Nina Levett’s moveable wallpapers are frescoed panels usually created for specific projects, sites or exhibitions. Her provocative and revolutionary imagery can be divided into different cycles. The Angel series called “What The Angel Said” was a series of portraits designed for the Luxury Please exhibition held in the Wiener Hofburg in 2010. These moveable wallpapers are “portable murals” with enlarged porn imagery taken from the internet, covered with abstract shapes to create a sort of camouflage, architectural map of the photograph beneath. Once the work was completed Nina removed the porn image which she had worked on and replaced the photograph with self portraits shot by her husband in similar postures.
The Angel series has become a collection of tormented self-portraits, which appeal to people because they connect to them. In fact the exhibition almost sold out immediately.
Following on from the Angel Series, Nina uses images of her own face and naked or partially clothed body, as the basis for the design. She adds swirling patterns of pastel colours, in pinks, greens and yellows against geometric and stylised backgrounds. From a technical point of view her most advanced work, these images are produced using a complicated under glaze process, of which she is very proud. The images are a homage to one of Nina’s heroines, Madonna, who uses her body and her self image in a fluid and imaginative way that Nina greatly admires. The images Nina has created reflect the exchangeable fantasies of women, and represent their attempts to express both their beauty, and their complex identities within their daily lives.

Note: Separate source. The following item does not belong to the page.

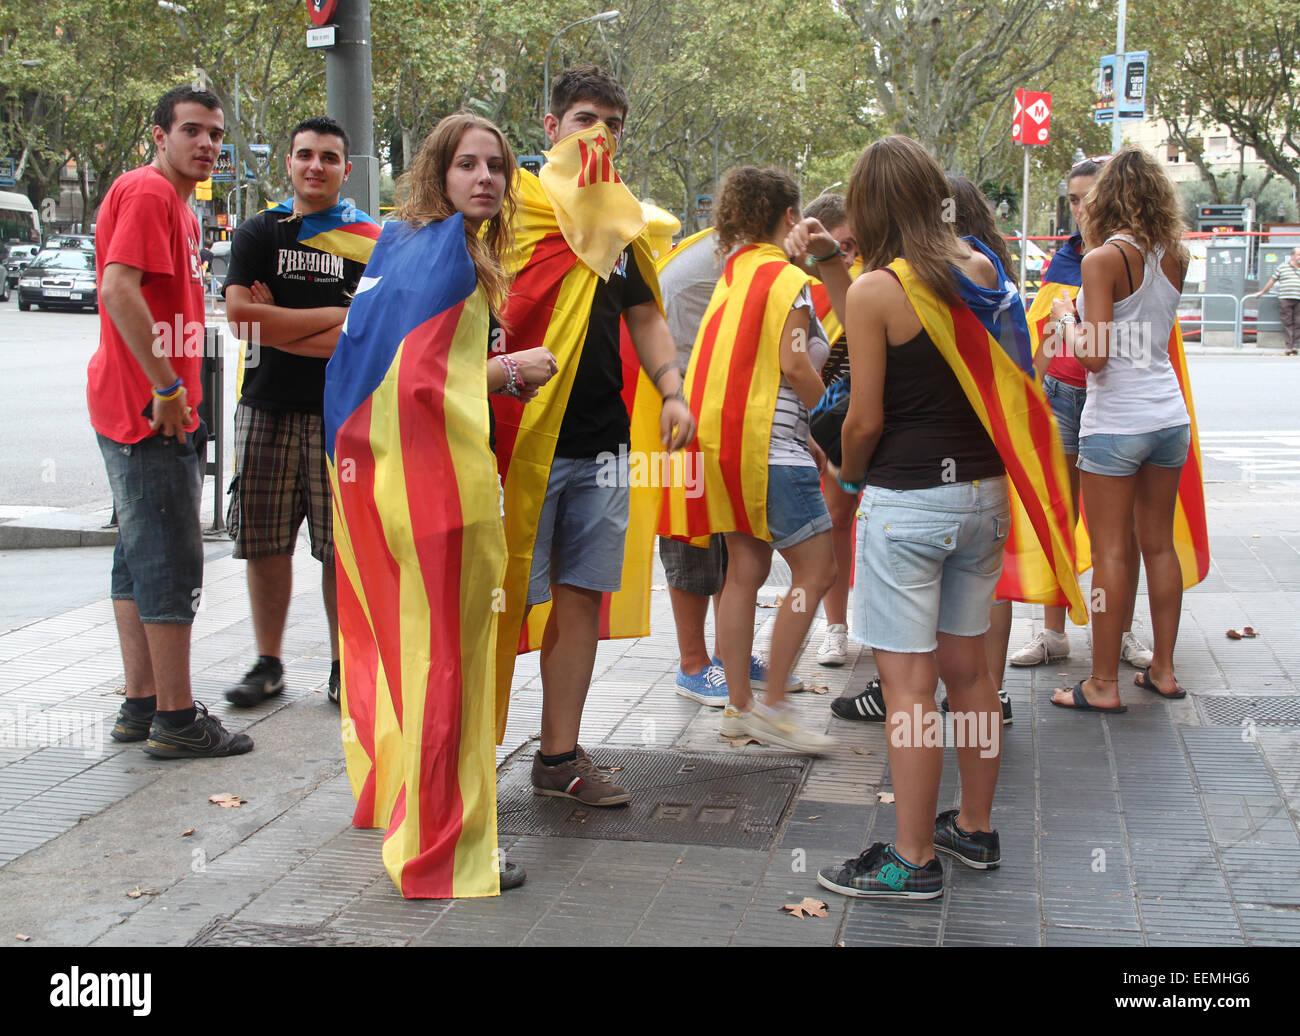 Les jeunes catalans célébrant la Journée nationale de la Catalogne (Diada Nacional de Catalunya) Photo Stock

The Studio Pop exhibition is all about the interchangeable human being. Object-Human. The “Pop Star” Nina Levett was interviewed by Max Fabigan in a series of videos created by Cast Your Art, www.castyourart.com. In reality none of the 8 “Nina Levetts” were the actual Nina Levett. So all the information given by the interviewed people was in effect false. But the video project shows that being a star is not about content but more about the look and feel and the context of the situation. Also the moveable wallpapers of this series of artworks were about the human object theme.
“Studio Pop” can still be visited until 1st July in Neustiftgasse 6-8 1070 Vienna. Opening Times: Mo-Thu 9-18 and Fri 9-13.